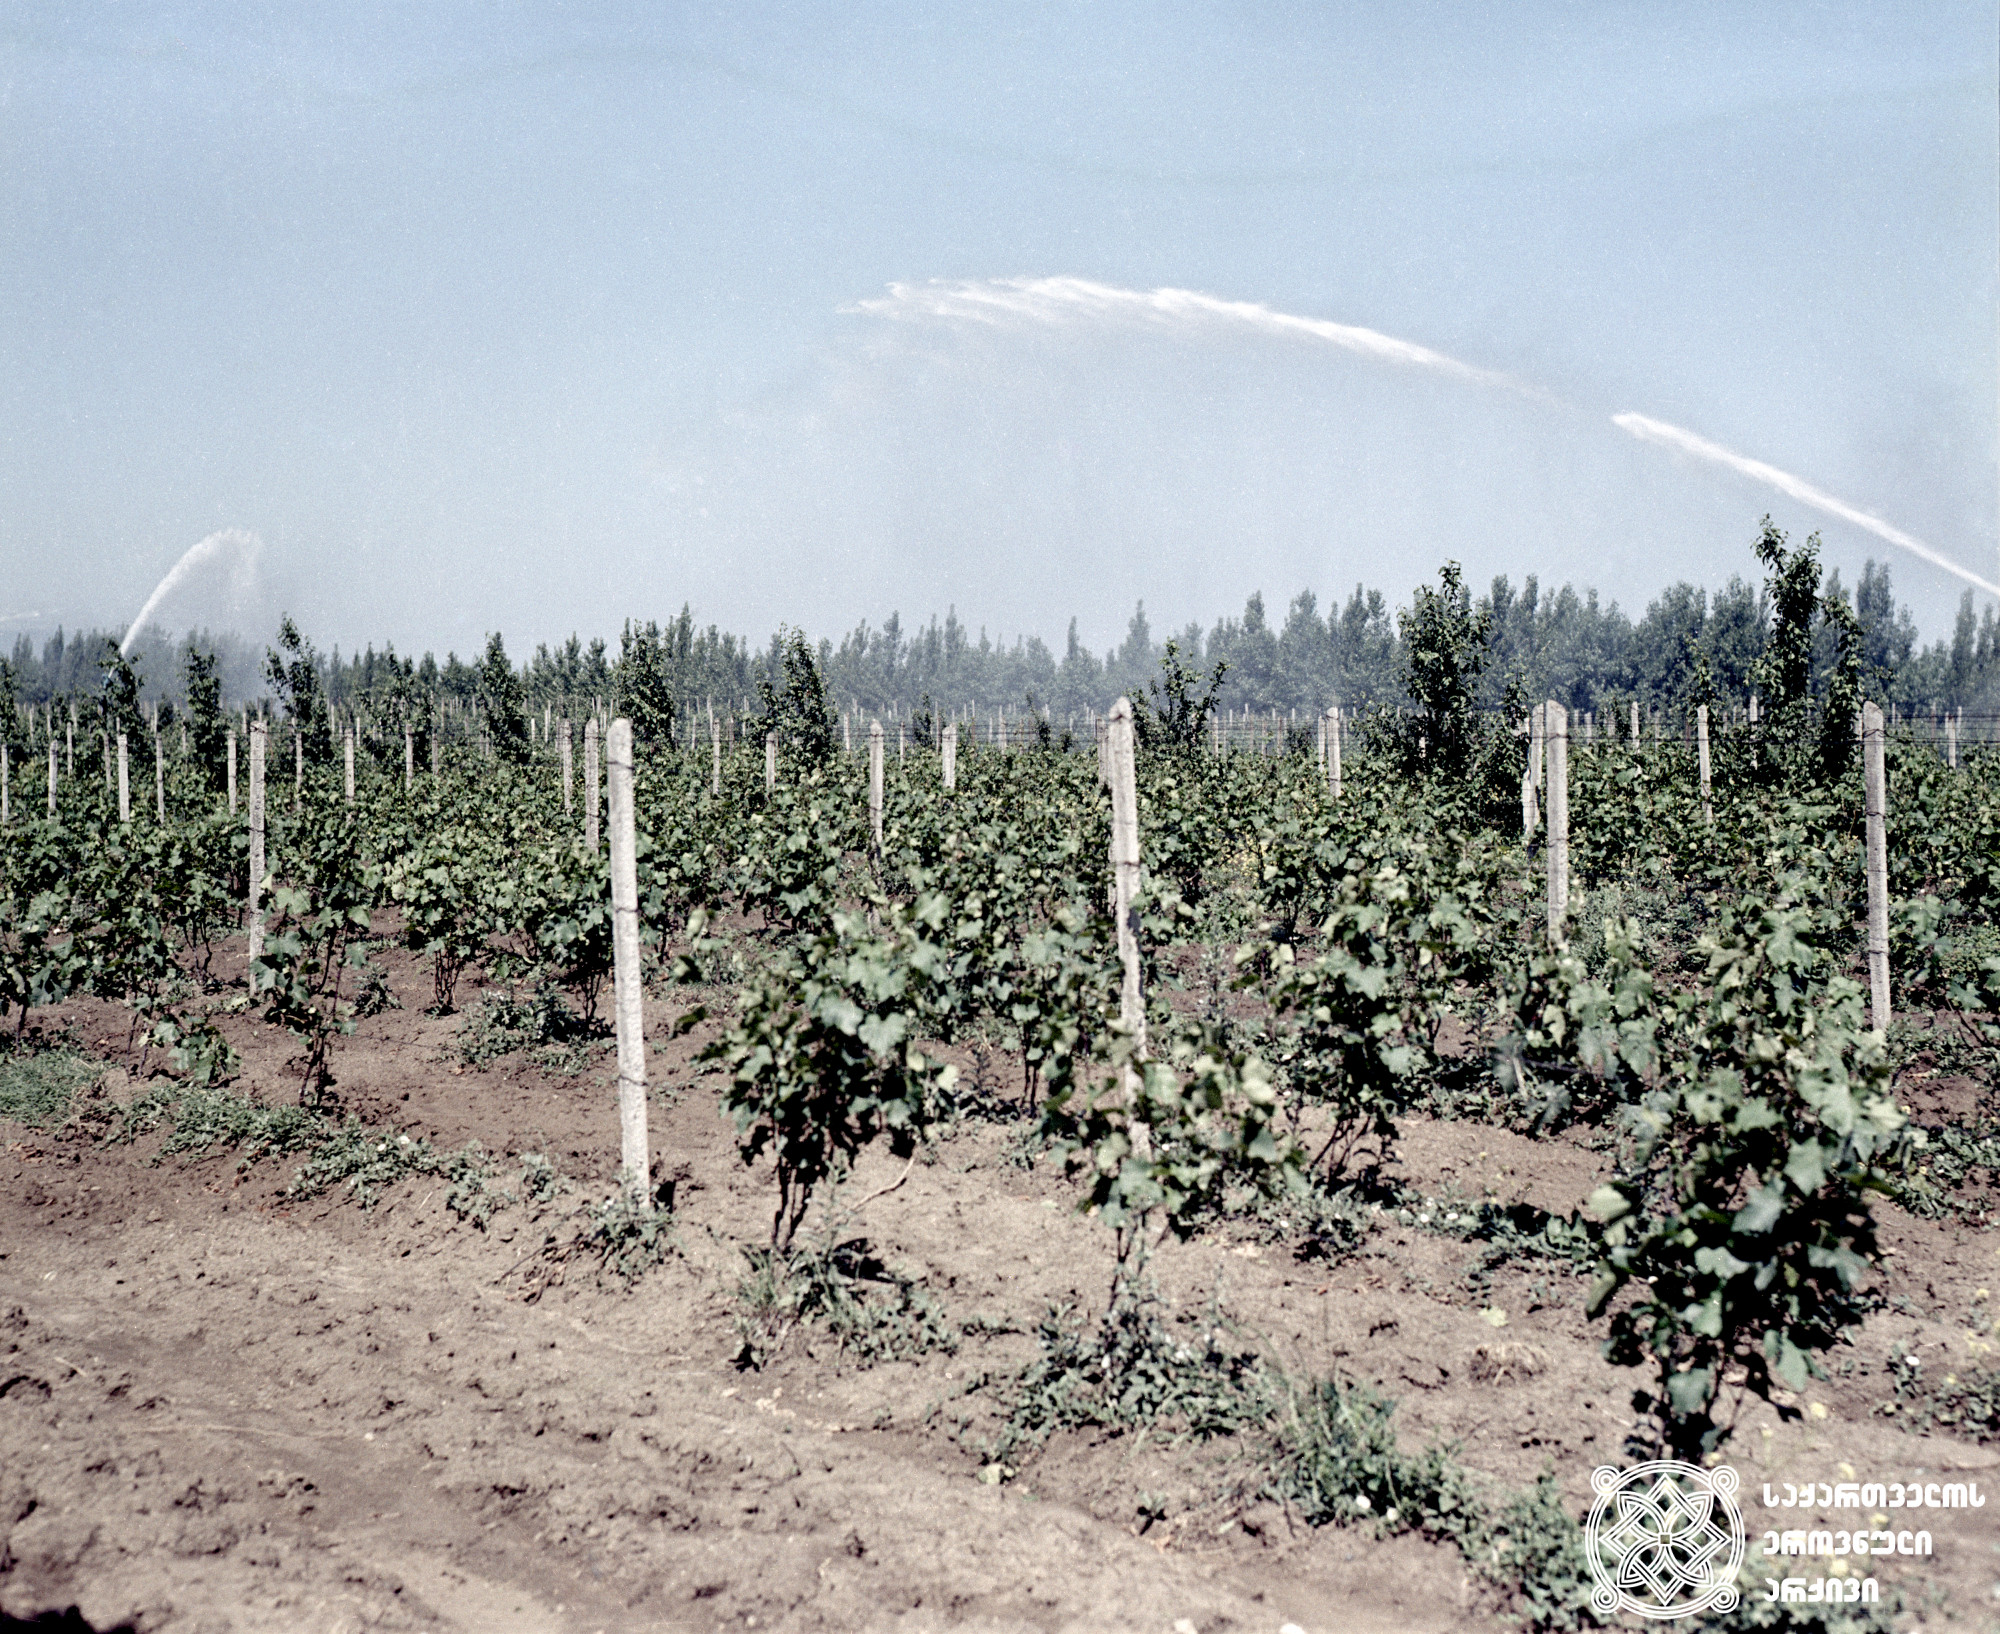 ვენახის მექანიზებული მორწყვა<br>
ფოტო: ვ. ავაკოვი <br>
1970 წელი <br>
Mechanized watering of the vineyard <br> 
Photo by V. Avakov <br>
1970

——————————

WHAT YOU HAVE TO DO:
Reproduce all of the material above word for word. Omit the pictures.

SOLUTION FOR THIS TASK:
 ვენახის მექანიზებული მორწყვა<br>
ფოტო: ვ. ავაკოვი <br>
1970 წელი <br>
Mechanized watering of the vineyard <br> 
Photo by V. Avakov <br>
1970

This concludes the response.